The new situation was brought home to the brotherhoods in the course of several wage arbitration cases in which they figured.[62] The outcome taught them that the public will give them only limited support in their efforts to maintain their real income at the old high level compared with other classes of workers.
A most important case arose from a “concerted movement” in 1912[63] of the engineers and firemen on the 52 Eastern roads for higher wages. Two separate arbitration boards were appointed. The engineers’ board consisted of seven members, one each for the interests involved and five representing the public. The award was unsatisfactory to the engineers, first, because of the meager raise in wages and, second, because it contained a strong plea to Congress and the country to have all wages of all railway employes fixed by a government commission, which implied a restriction of the right to strike. The award in the firemen’s case, which was decided practically simultaneously with the engineers’, failed to satisfy either side.
The conductors and trainmen on the Eastern roads were next to move “in concert” for increased wages. The roads refused and the brotherhoods decided by a good majority to quit work. This threatened strike occasioned the passage of the so-called Newlands bill as an amendment to the Erdman Act, with increased powers to the government in mediation and with more specified conditions relative to the work of the arbitration boards chosen for each occasion. Whereupon both sides agreed to submit to arbitration.
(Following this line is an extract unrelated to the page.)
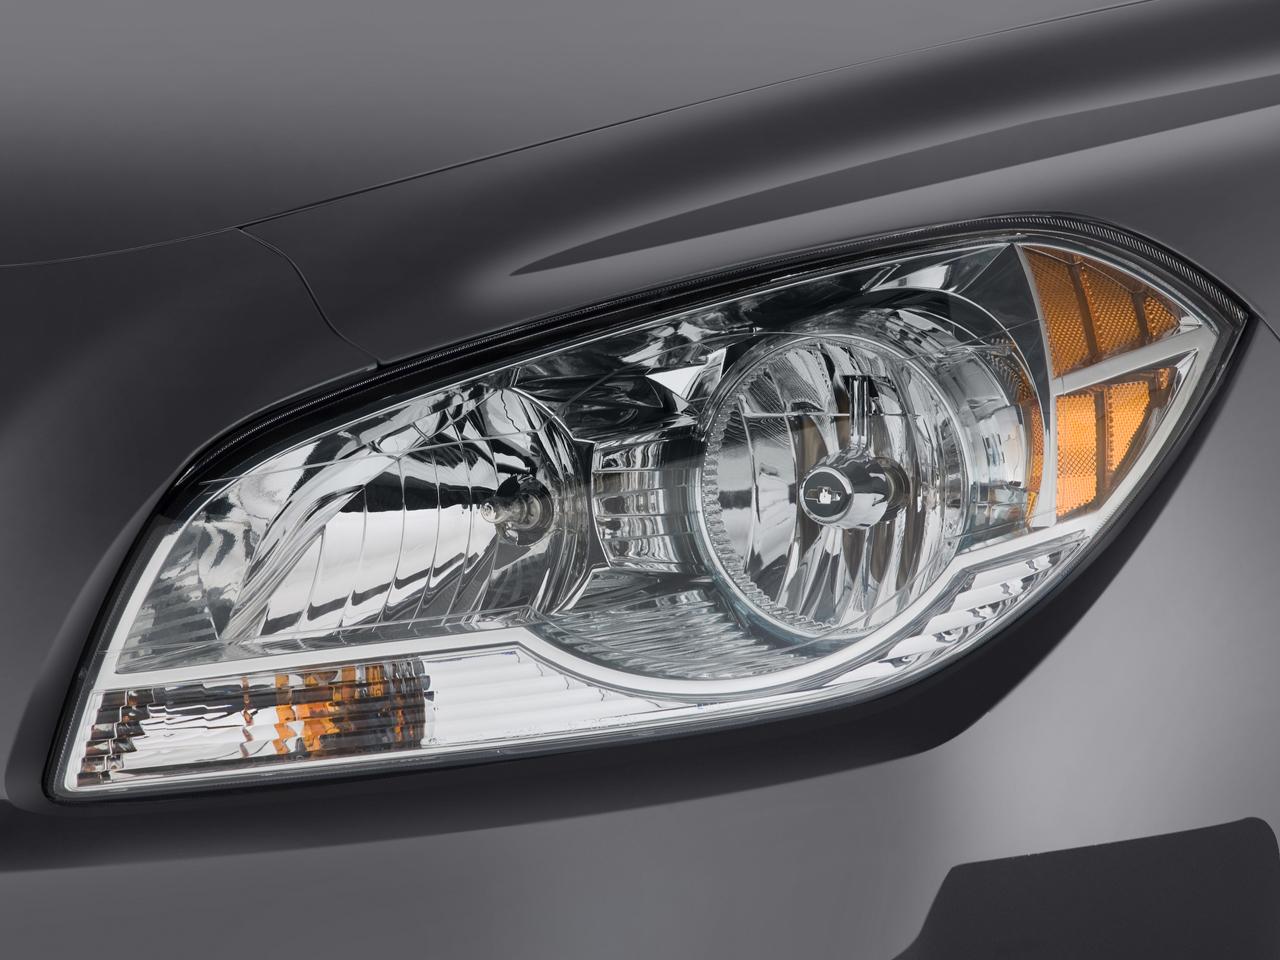 2008 Chevrolet Malibu Hybrid - Latest News, Reviews, and Auto Show ...

The award allowed an increase in wages of seven percent, or less than one-half of that demanded, but disallowed a plea made by the men for uniformity of the wage scales East and West, and denied the demanded time and a half for overtime. The men accepted but the decision added to their growing opposition to the principle of arbitration.
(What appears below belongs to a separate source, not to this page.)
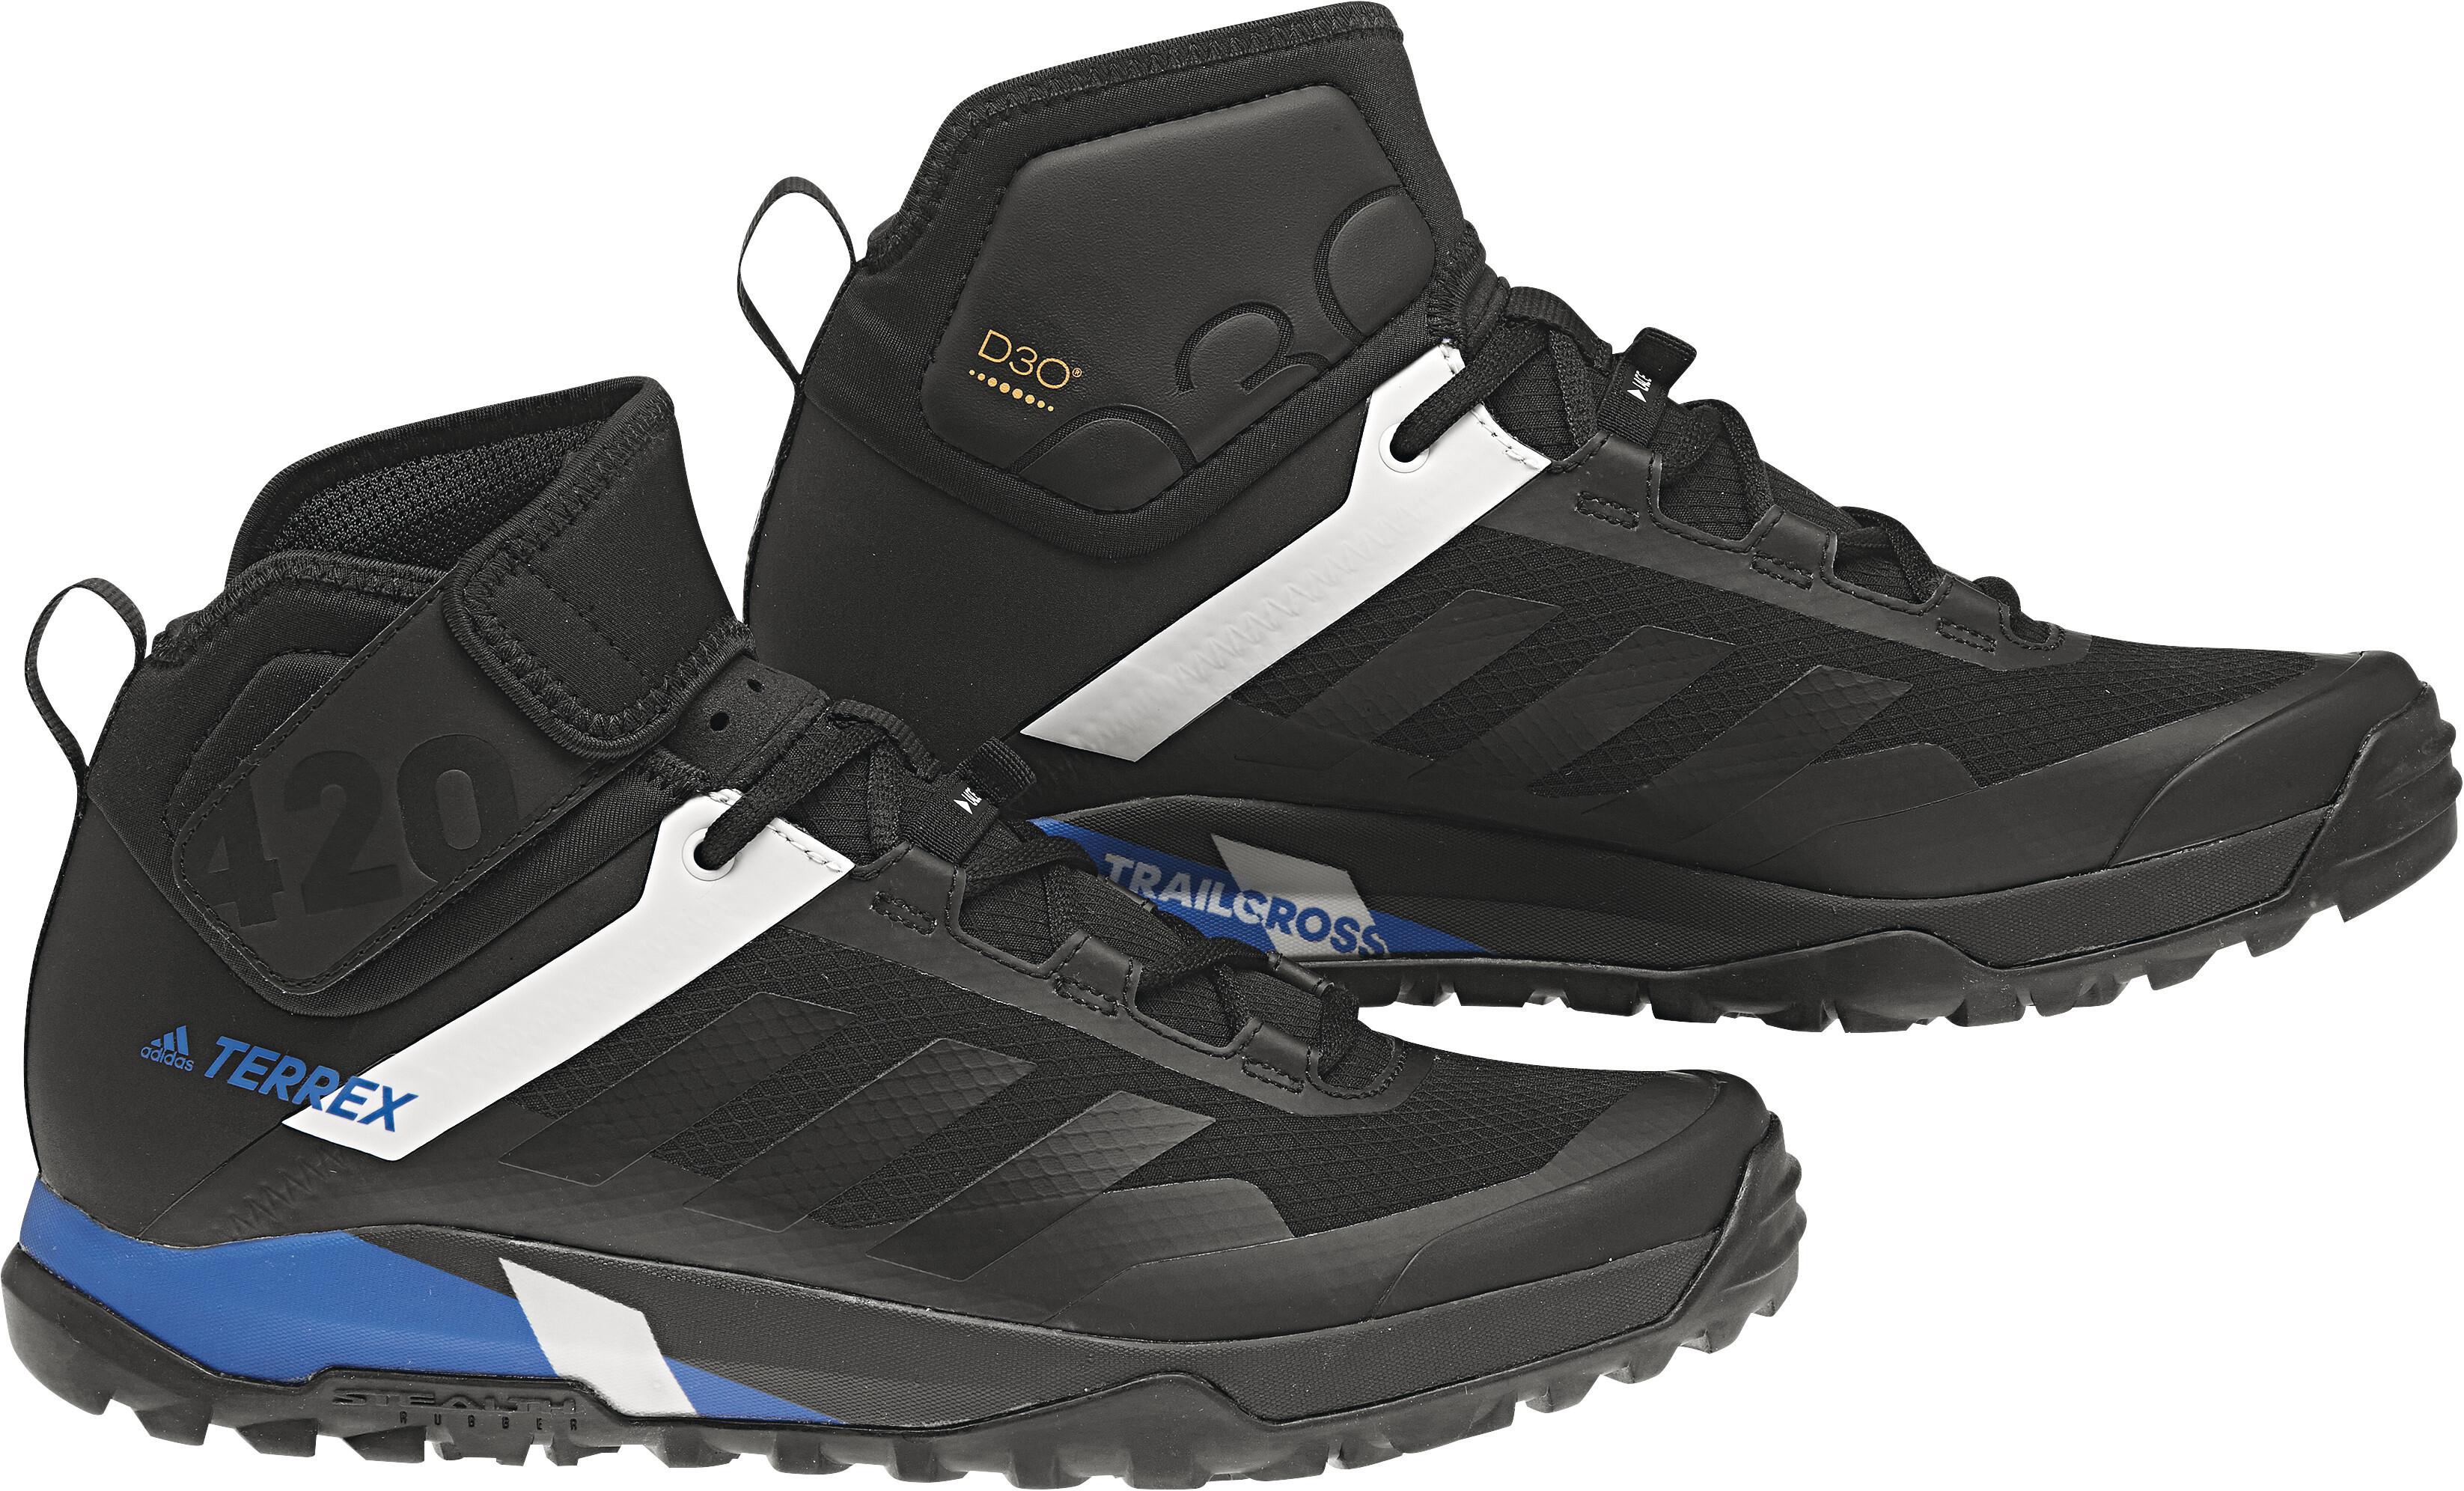 1926a981edf adidas TERREX Trail Cross Protect Shoes Men blue beauty/core  black/collegiate navy

Another arbitration case, in 1914, involving the engineers and firemen on the Western roads led the brotherhoods to come out openly against arbitration. The award was signed only by the representatives on the board of the employers and the public. A characteristic aftermath of this case was an attack made by the unions upon one of the “neutrals” on the board. His impartiality was questioned because of his relations with several concerns which owned large amounts of railroad securities. Therefore, when in 1916 the four brotherhoods together demanded the eight-hour day, they categorically refused to consider arbitration.[64] The evolution to a fighting unionism had become complete.
While the brotherhoods of the train service personnel were thus shifting their tactics, they kept drawing nearer to the position held by the other unions in the railway service. These had rarely had the good fortune to bask in the sunshine of their employers’ approval and “recognition.” Some railways, of the more liberal sort, made agreements with the machinists and with the other shop unions. On the whole, however, the hold of these organizations upon their industry was of a precarious sort.